The sole character in the film who feels most capable of expressing their emotions is the school’s French teacher Mlle de Poitiers. Played exquisitely by Helen Morse – she gives the warmest, most engaging performance in the film – she is the only character who seems able to get in touch with her emotions, unfiltered by too much repression. Perhaps it is no coincidence that as a “double foreigner” (French among the Brits in Australia) she is less affected by the rules around her. Either way, she becomes a perfect audience surrogate, as slowly horrified and confused by the actions she sees around her in the college as the viewer is. Morse is fabulous in these scenes, from a burst of emotion when reunited with a character she thought lost, to quietly watching Mrs Appleyard’s disintegration late in the film.

But the real star is Weir’s masterful direction of the mood of this film. Like that distributor said, there isn’t any plot as such – vital events happen off screen, and there is the distinct feeling that you are only being told half the story – but despite that, the film is compelling. So much is conveyed in the mood, the tensions, the style of the film that you are invited to bring your own interpretation to events. That makes it a continually rewarding piece of cinema – it invites you to make your own answers. 

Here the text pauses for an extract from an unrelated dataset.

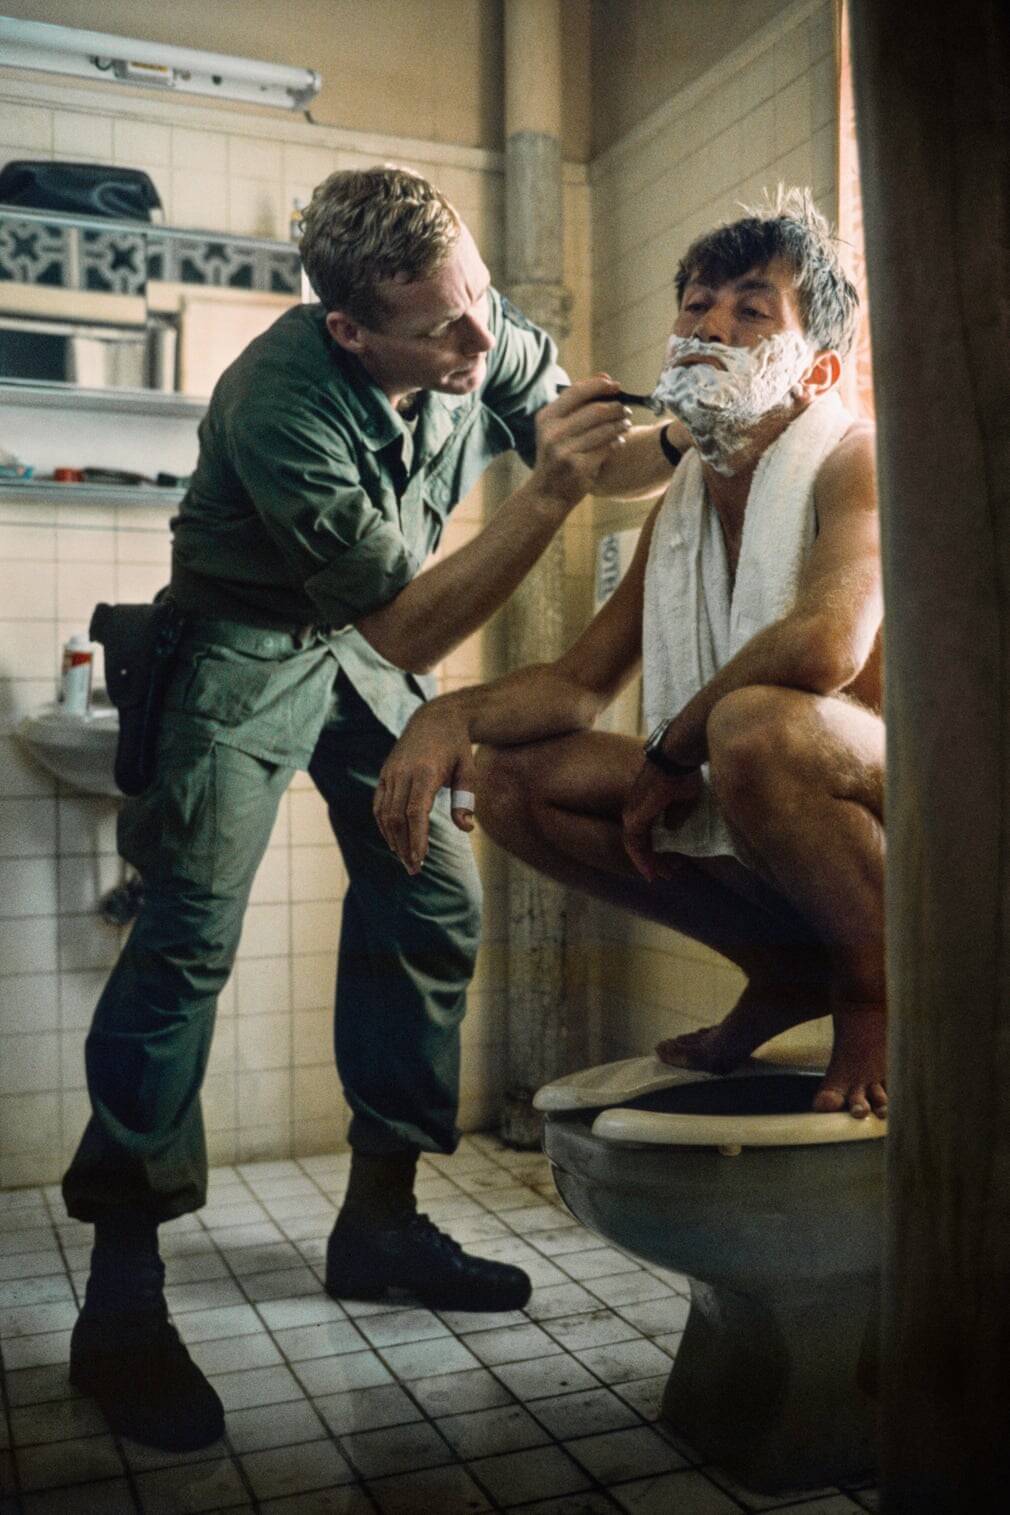 Мартина Шина бреют перед съёмкой. Актер, которому тогда было 36 лет, перенес нервный срыв и сердечный приступ во время съемок. Фотограф Час Герретсен

This juggling of atmosphere to make something so enigmatic is so crucial to the film’s success that the recent mini-series remake effectively continued the trick (with a few extra insights into Mrs Appleyard), and contained arguably even fewer answers over its 5 hours than this did in 2. But Weir’s brilliantly made, beautifully shot, eerily unforgettable film rightly takes its place as (perhaps) the greatest Australian film ever made: it’s a film that is about Australia, and about the tensions, confusions and mysteries of that country. Brilliant.